Let $(\Omega, \mathcal{F}, P)$ be a probability space, $X$ an integrable random variable, $\mathcal{G} \subset \mathcal{F}$ a $\sigma$-field. The conditional expectation of $X$ given $\mathcal{G}$ is by definition the unique random variable $Y$ which is $\mathcal{G}$-measurable and satisfies $E[Y;A] = E[X;A]$ for all $A \in \mathcal{G}$. Proving the uniqueness of $Y$ is easy, but existence is harder. I am looking for a nice existence proof with minimal prerequisites.
The traditional proof is to invoke the Radon-Nikodym theorem: the signed measure $\nu(A) = E[X;A]$ on $(\Omega, \mathcal{G})$ is absolutely continuous to $\mu = P|_\mathcal{G}$, so take $Y$ to be the Radon-Nikodym derivative, and it clearly has the desired properties.

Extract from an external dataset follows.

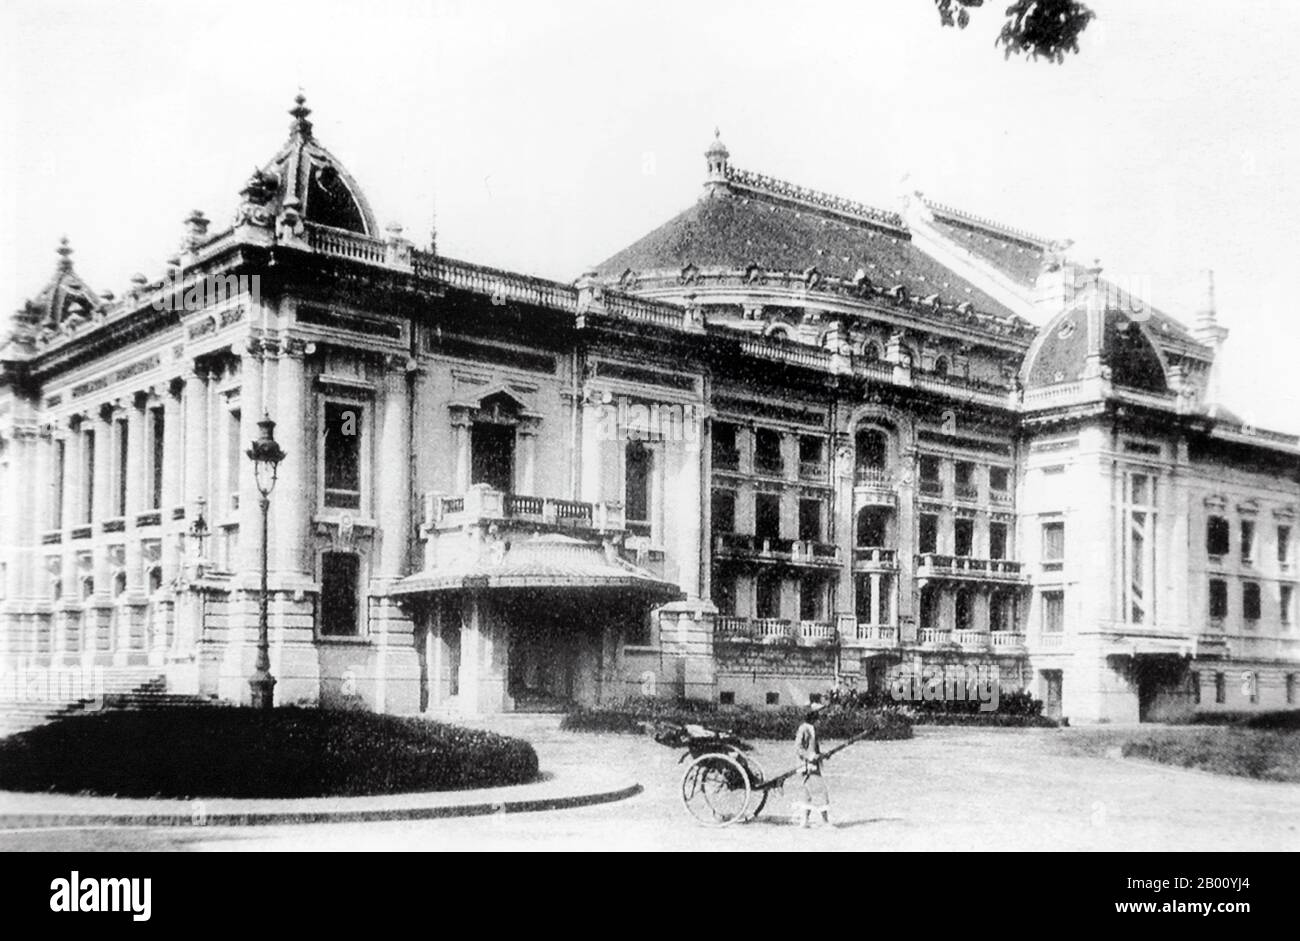 Vietnam: Hanoi Opera House (Anfang 20th Jahrhundert). Das zwischen 1901 und 1911 von französischen Kolonisten errichtete Opernhaus von Hanoi gilt als typisches französisches Kolonialbaudenkmal in Vietnam. Es handelt sich um eine kleine Nachbildung des Palais Garnier, des älteren der beiden Pariser Opernhäuser. Stockfoto

But the proofs I know of the Radon-Nikodym theorem, while elementary, are somewhat involved (at least 2 pages, even if you only do the absolutely continuous case).
Another proof is to first take $X$ with finite variance, and note that $K = L^2(\Omega, \mathcal{G}, P)$ is a closed subspace of the Hilbert space $H = L^2(\Omega, \mathcal{F}, P)$; then take $Y$ to be the orthogonal projection of $X$ onto $K$. Again, it is then easy to see that $Y$ has the desired properties. But this is not as suitable for students with no functional analysis background. You can develop the necessary facts from scratch but it's a little tedious.
So I am wondering if anyone knows of a simple proof, preferably using only basic measure theory and probability facts.